Rangers beat Sabres to snap five-game losing streak

NEW YORK _ Desperate to find a way to end their five-game losing streak, the Rangers did what they could to change things up Thursday as they prepared to host the red-hot Buffalo Sabres at Madison Square Garden. They changed up the forward lines, and they tried having a morning skate.

Whatever they did, it worked.

The new-look second and third lines produced, big time, with Ryan Strome getting his first two goals of the season, and Brett Howden getting a goal and an assist, and defenseman Tony DeAngelo scoring his third goal in two games as the Rangers (3-4-1) broke their losing streak and cooled off the Sabres with a 6-2 victory, their first win since Oct. 5, when they beat the Senators in Ottawa.

Rangers coach/mixologist David Quinn's latest experiment was to split up his top two forwards, Artemi Panarin and Mika Zibanejad, bumping left wing Chris Kreider and Kaapo Kakko up to the first line to play with Zibanejad and dropping Panarin down to the second line, with Strome and right wing Pavel Buchnevich.

The new second and third lines looked fabulous, and Panarin proved immediately he can create his own offense, when he scored the game's first goal, unassisted, at 11:41 of the first period.
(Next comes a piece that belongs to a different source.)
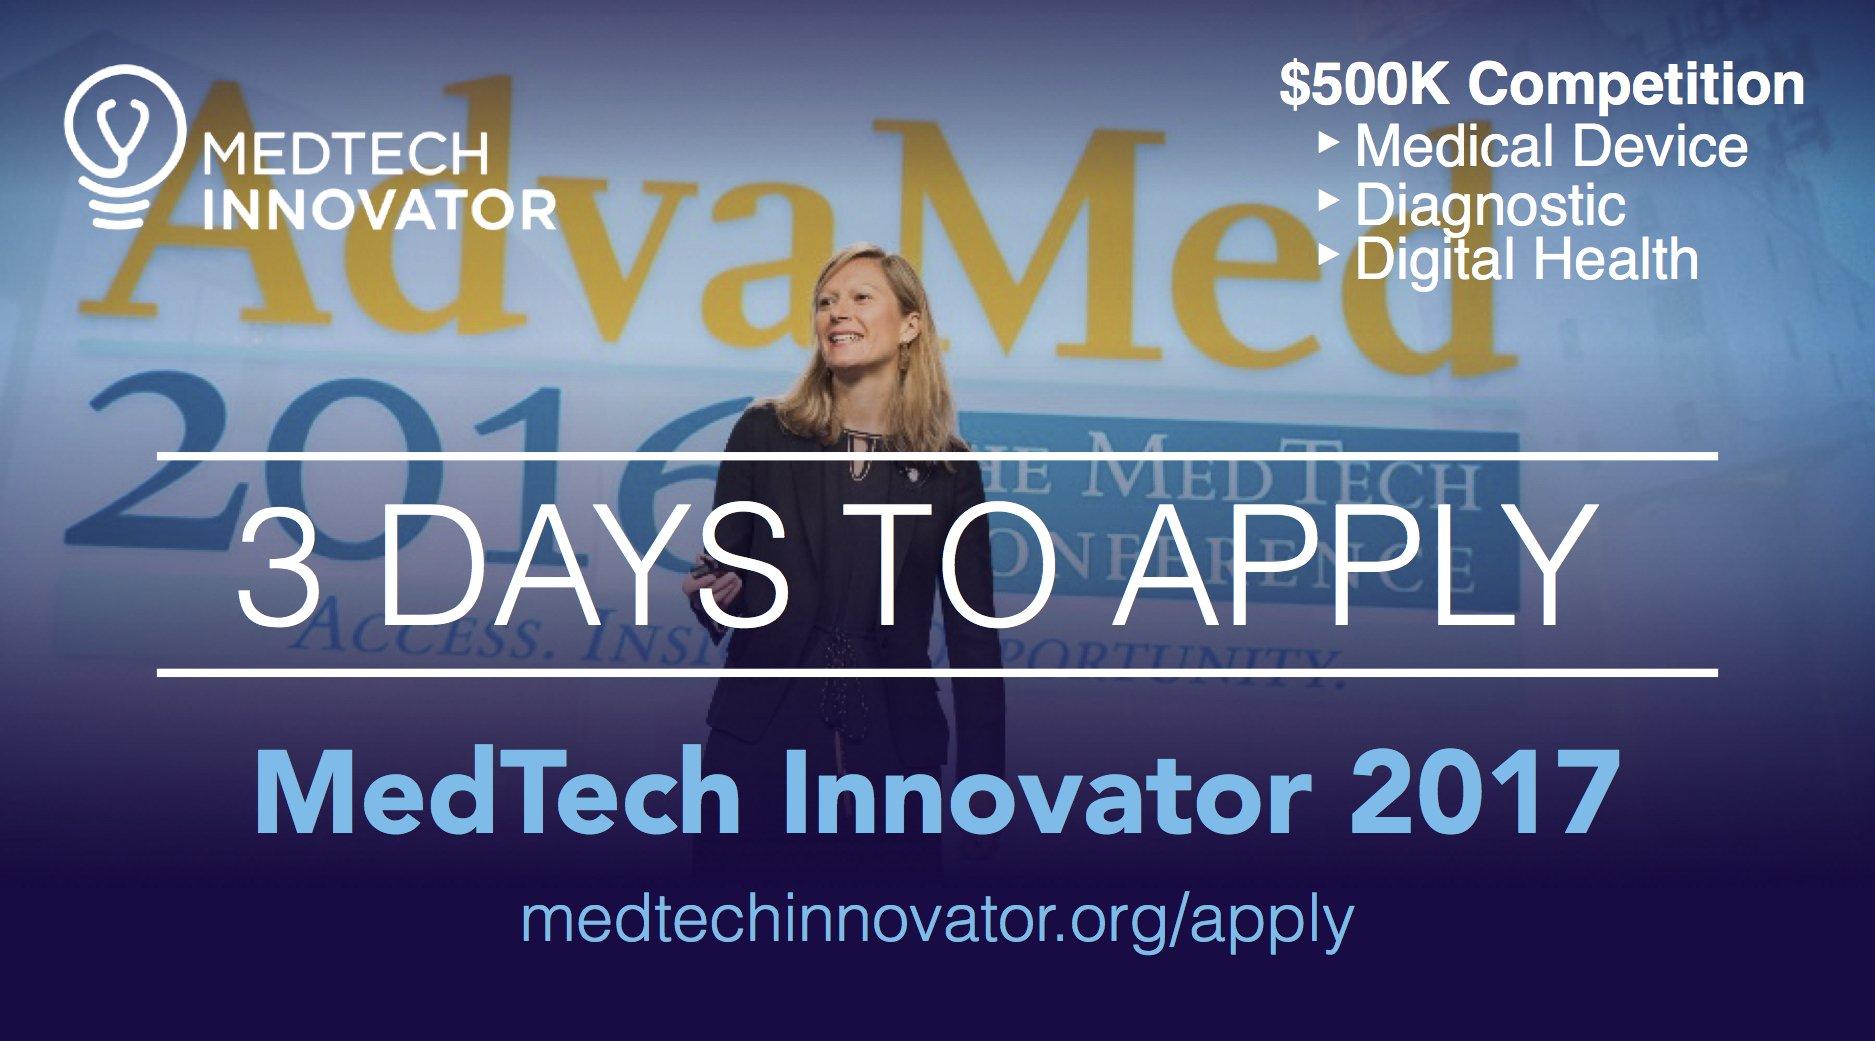 MedTech Innovator Competition.jpg-large.jpeg

As Sabres defenseman Rasmus Dahlin mishandled the puck just outside the Buffalo blue line, Panarin poked it away from him, corralled it above the right circle, pulled it past goalie Carter Hutton's ill-advised poke check attempt, and slipped a backhander into the empty net for his fifth goal of the season.
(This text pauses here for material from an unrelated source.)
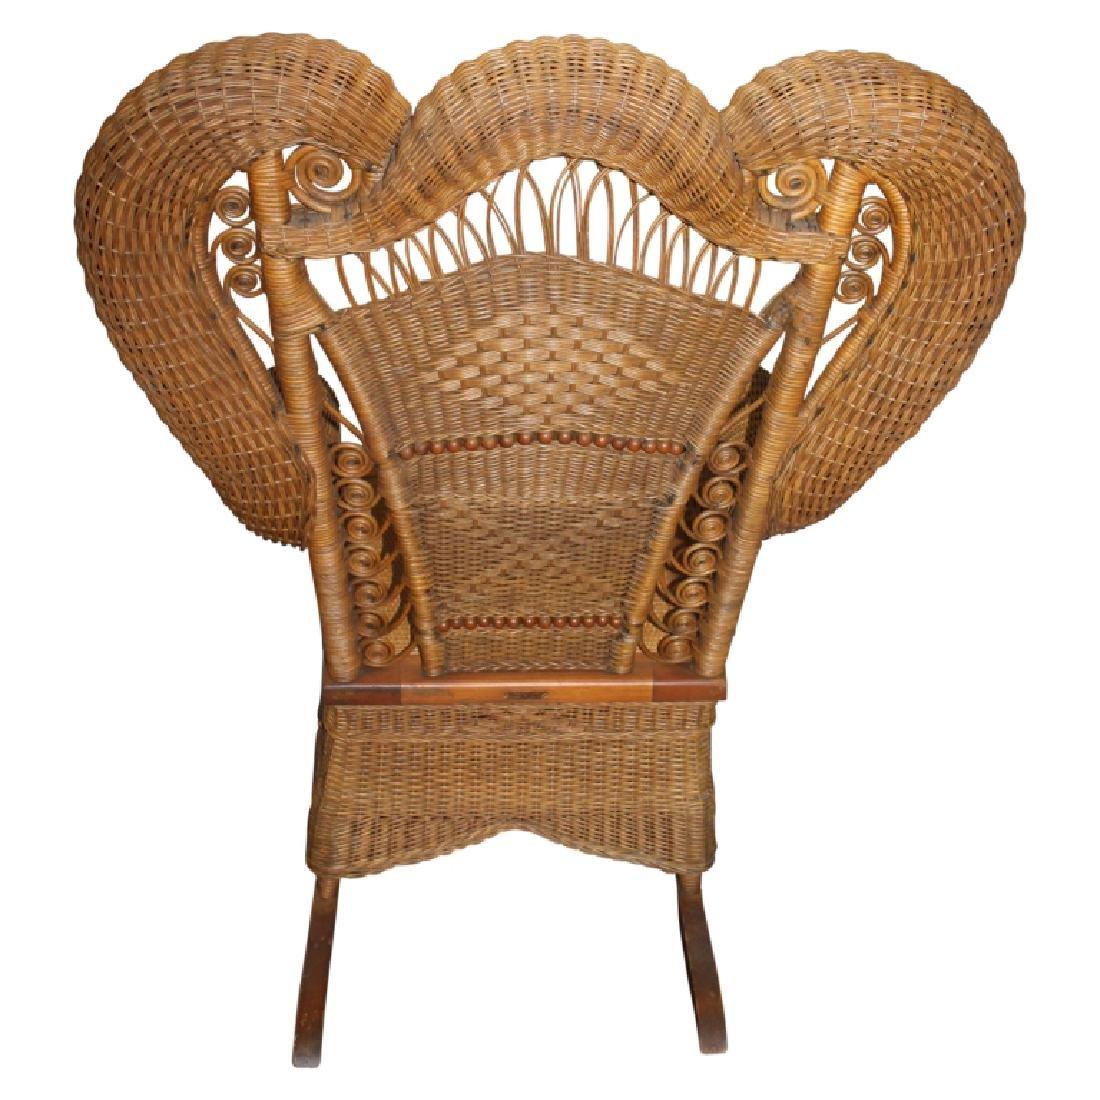 Heywood Wakefield Wicker Style Rocking Chair - 2

Howden, dropped to third-line center after four games up on the second line, made it 2-0 at 14:32 when he whacked in a pass from Jesper Fast at the left post _ on his second attempt _ for his second goal of the season. Strome made it 3-0 in the final minute of the period when he tipped in left point shot by Brady Skjei 37.8 seconds before the horn for his first goal.

The only line that didn't look great was the first line, which didn't generate much offensively and happened to be on the ice for both of the goals Buffalo (8-2-1) would score in the second period. First, with the Rangers scrambling around in their own end, Kakko tried a blind, backhand clear that went right to Buffalo's Marco Scandella, who quickly fired a shot from the left point that got through a screen to beat Henrik Lundqvist and make it 3-1 at 4:17. Then, after a tremendous shift by the Panarin line _ in which Panarin hit the post on a one-timer _ DeAngelo scored his third goal in two games to put the Rangers up 4-1 at 13:20.
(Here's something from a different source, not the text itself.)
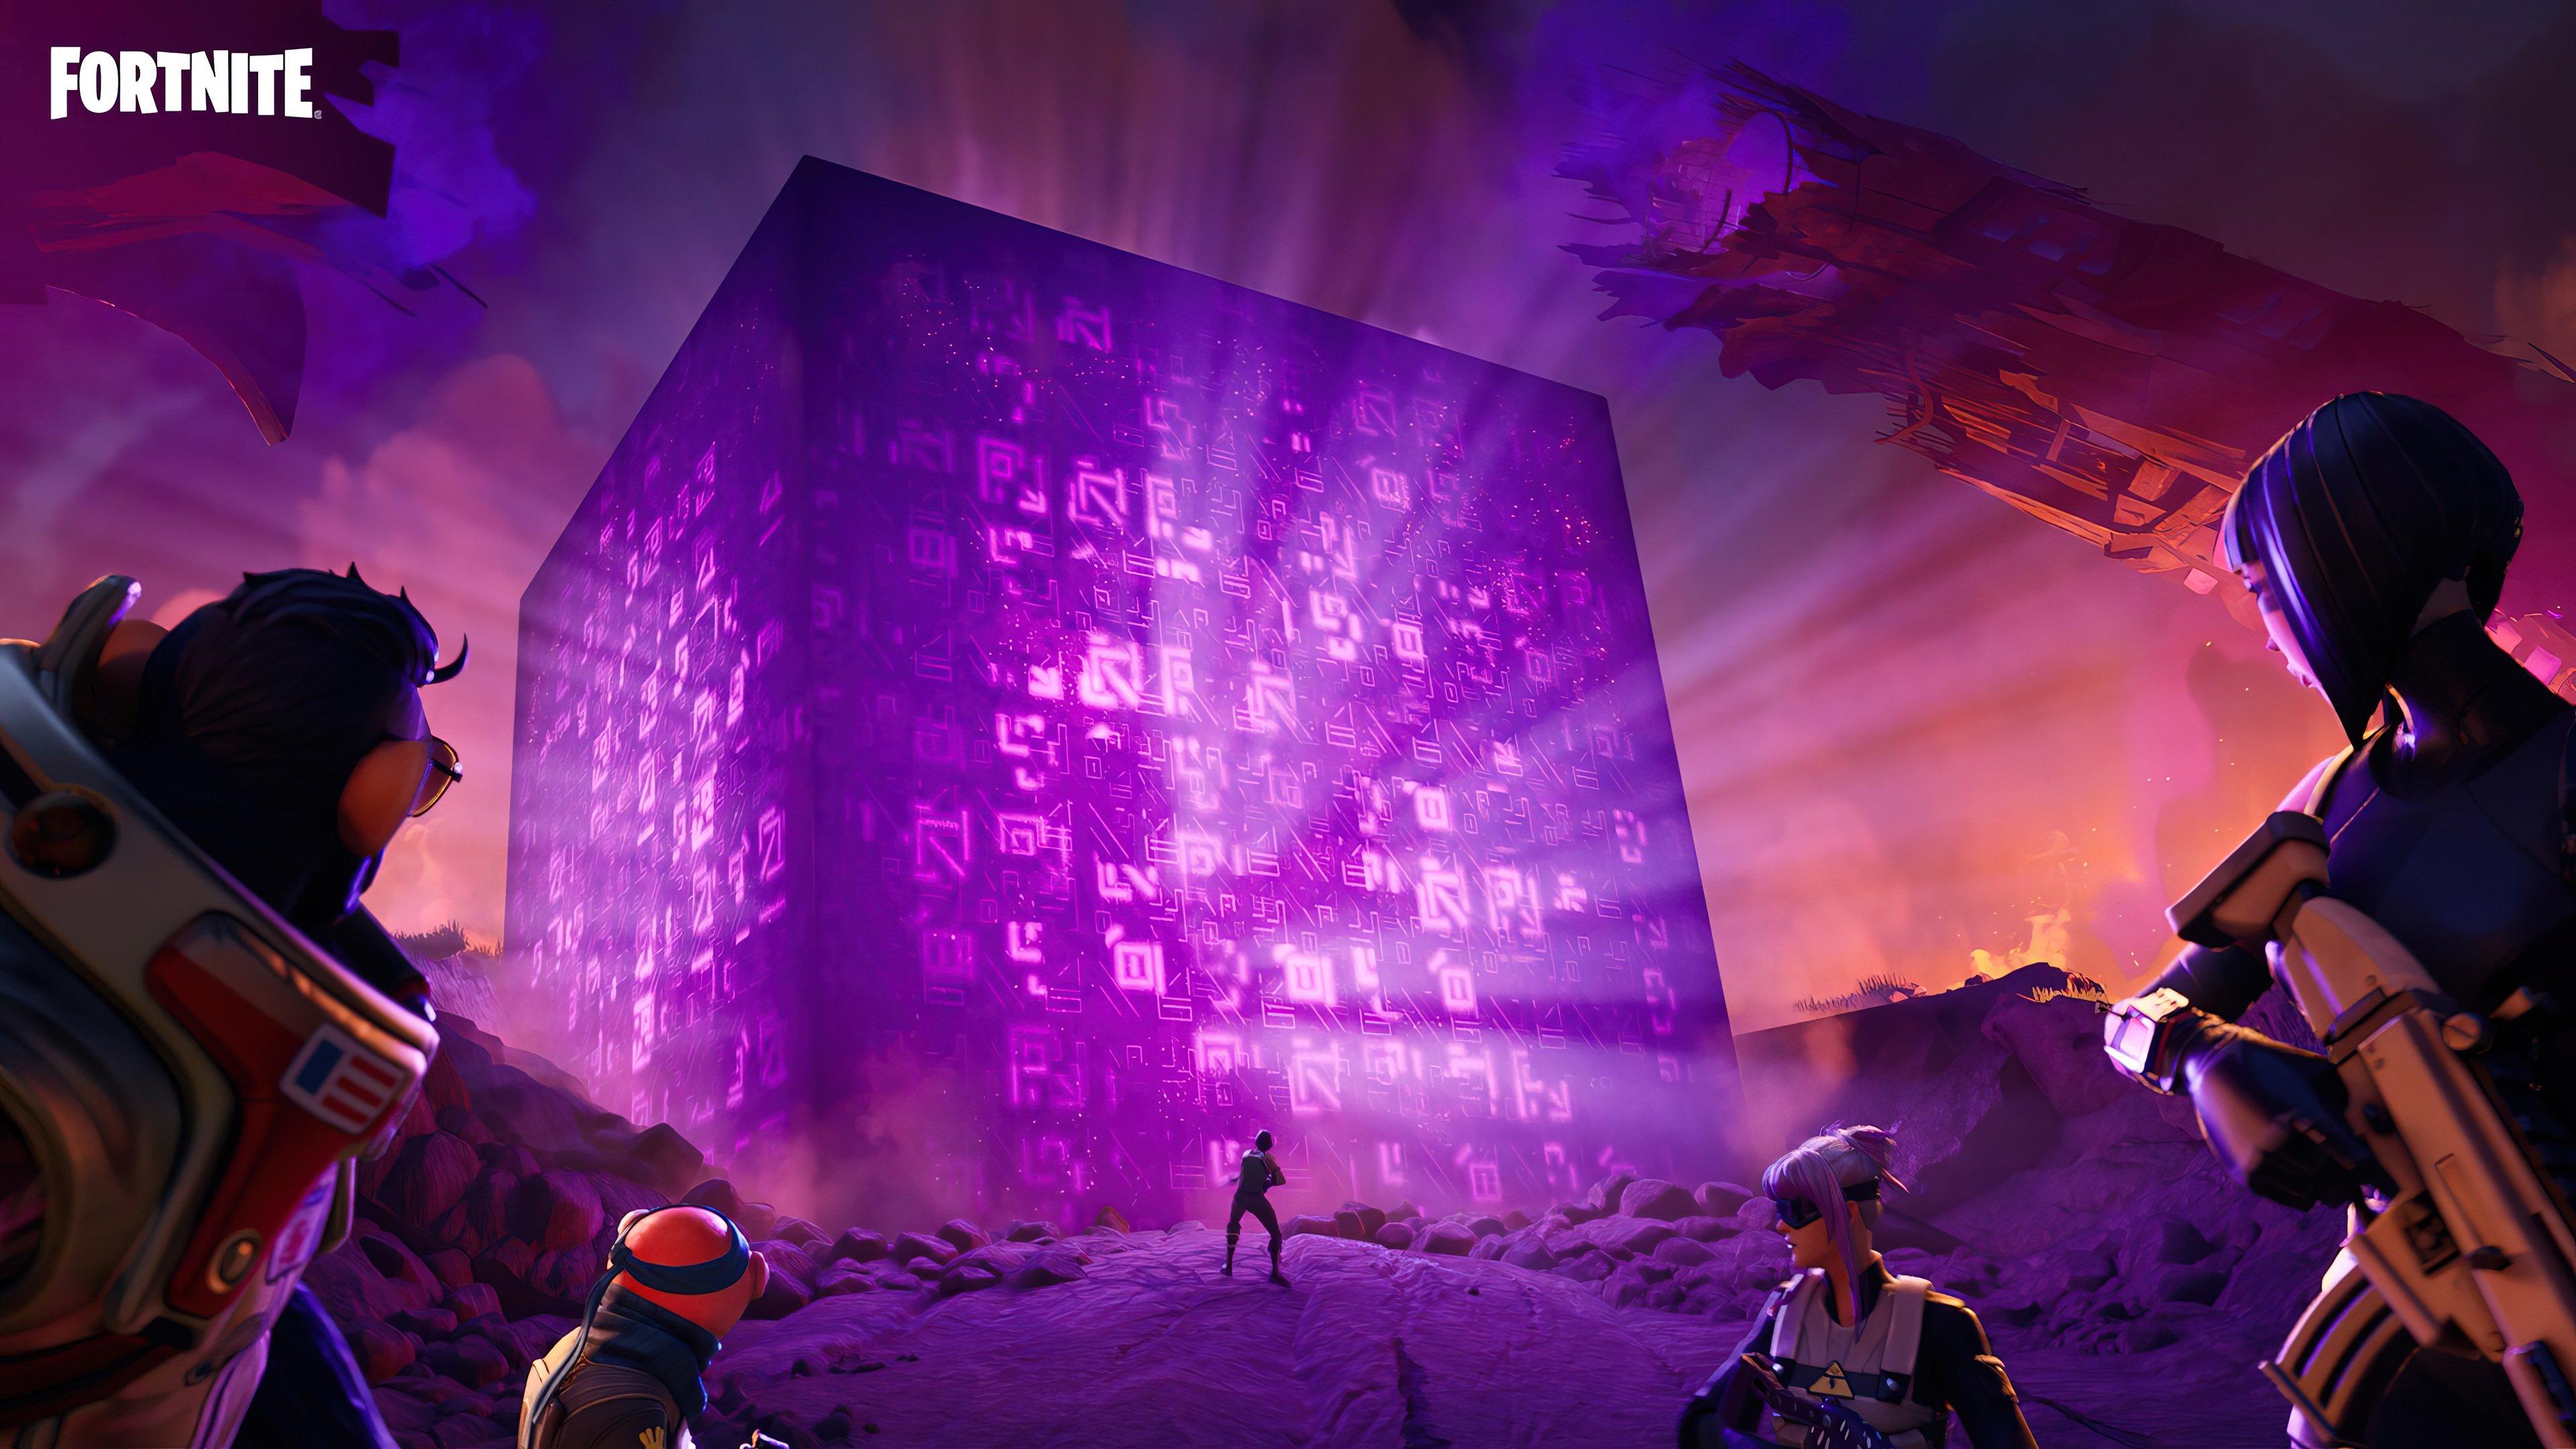 Fondos de pantalla Fortnite Capitulo 2 Temporada

The three-goal lead didn't last all the way to intermission, as Buffalo's Vladimir Sobotka scored his first goal of the season with 49 seconds left in the period off another defensive breakdown. Skjei dropped his stick while making a strong defensive play in the neutral zone, but the Rangers were able to survive that and get the puck cleared. Skjei could have gone for a change, but didn't, and instead called for a new stick from the bench. He got it, and got back in position, but the whole episode seemed to create some confusion, and Sobotka ended up with the puck and fired a long shot past a flat-footed Jacob Trouba and Lundqvist to make it 4-2.

But in the third period, with the teams skating four-on-four, Howden and Strome combined on a big insurance goal that relieved any nervous tension the Garden fans may have felt, as the pair broke in on a two-on-one and Howden fed Strome for a backdoor tap-in to make it 5-2 at 7:57.